The hoardings are up, contractors are in, and Nos. 30-42 Pinstone Street (as well as Palatine Chambers), are about to be resurrected as part of a Victorian frontage to a brand-new Radisson Blu Hotel. The old facades will remain, but everything behind it, including Barker’s Pool House, on Burgess Street, will be demolished and rebuilt.
Until the 18th century, Pinstone Lane (as it was called) crossed fields and rough grazing land. As Sheffield grew, it became a twisting, close, and sinister-looking passage. In 1875, Sheffield started a street widening programme, and Pinstone Lane was transformed into a 60ft wide thoroughfare to match the magnificence of the proposed new Town Hall.
In 1892, Reuben Thompson, of Glossop Road, an established operator of horse-drawn omnibuses, cabs, and funeral director, gave up his lease on premises at Union Street, and purchased a plot of vacant land opposite St.
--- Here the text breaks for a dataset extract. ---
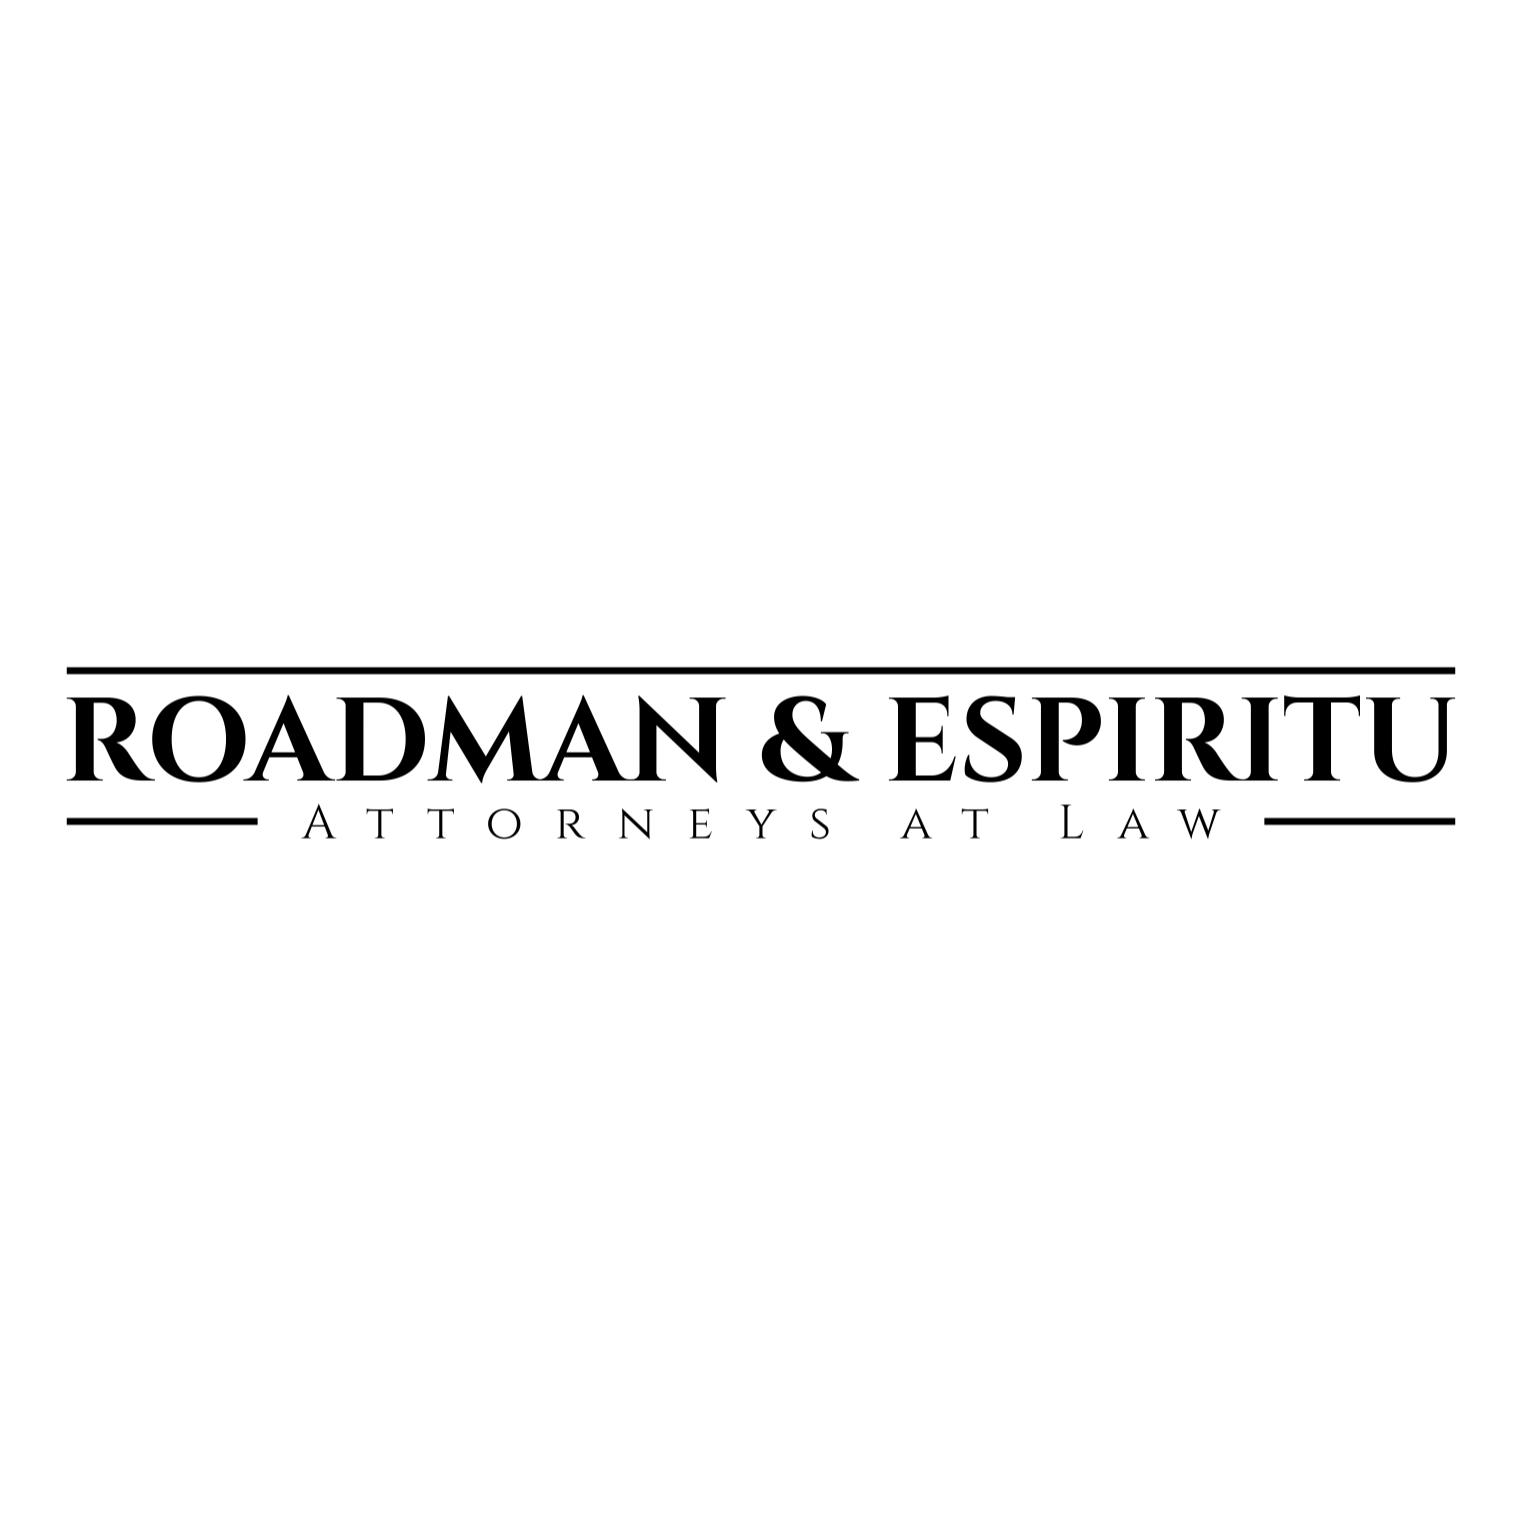 The Law Office of Roadman & Espiritu

Paul’s Church (now Peace Gardens) from the Improvement Committee, along with adjoining property at the back towards Burgess Street.
The Salvation Army had already started building its Citadel on Cross Burgess Street as well as three large business premises at its corner with Pinstone Street. Thompson bought the land alongside this, and employed Flockton, Gibbs, and Flockton to design a red brick building, with handsome stone dressings, comprising ground floor shops, and offices and flats above.

In 1895, he purchased an additional plot of land to build three additional shops. This extended the length of the original building and incorporated an entrance tunnel from Pinstone Street through to stabling and carriage sheds behind, the carriages lifted from floor to floor by a hoist.
It extended the range to fifteen bays, and across the top of the building ran an enormous sign – ‘Reuben Thompson’s City Mews – and was completed in time for the opening of the new Town Hall.
This is the building we still see, although the advent of the motor car, and high petrol prices during the 1930s, saw Reuben Thompson Ltd vacate a property that had become far too big. It consolidated on Glossop Road and Queen’s Road and focused on its funeral business.

Those of a certain age will be familiar with the shops that have occupied this prime location on one of Sheffield’s most prestigious streets.
The Pinstone Street entrance to City Mews, where horses and carriages once passed, was filled-in, and later lost in the frontage of Mac Market (later to become International, Gateway, Somerfield, Co-op, Budgens, and finally, as a temporary home for WH Smiths).
The construction of Barker’s Pool House on Burgess Street in 1969-1970 (on the site of the former stabling and carriage-houses) linked both properties and altered much of the original Pinstone Street interiors. These too will be lost in the latest stage of the Heart of the City II redevelopment.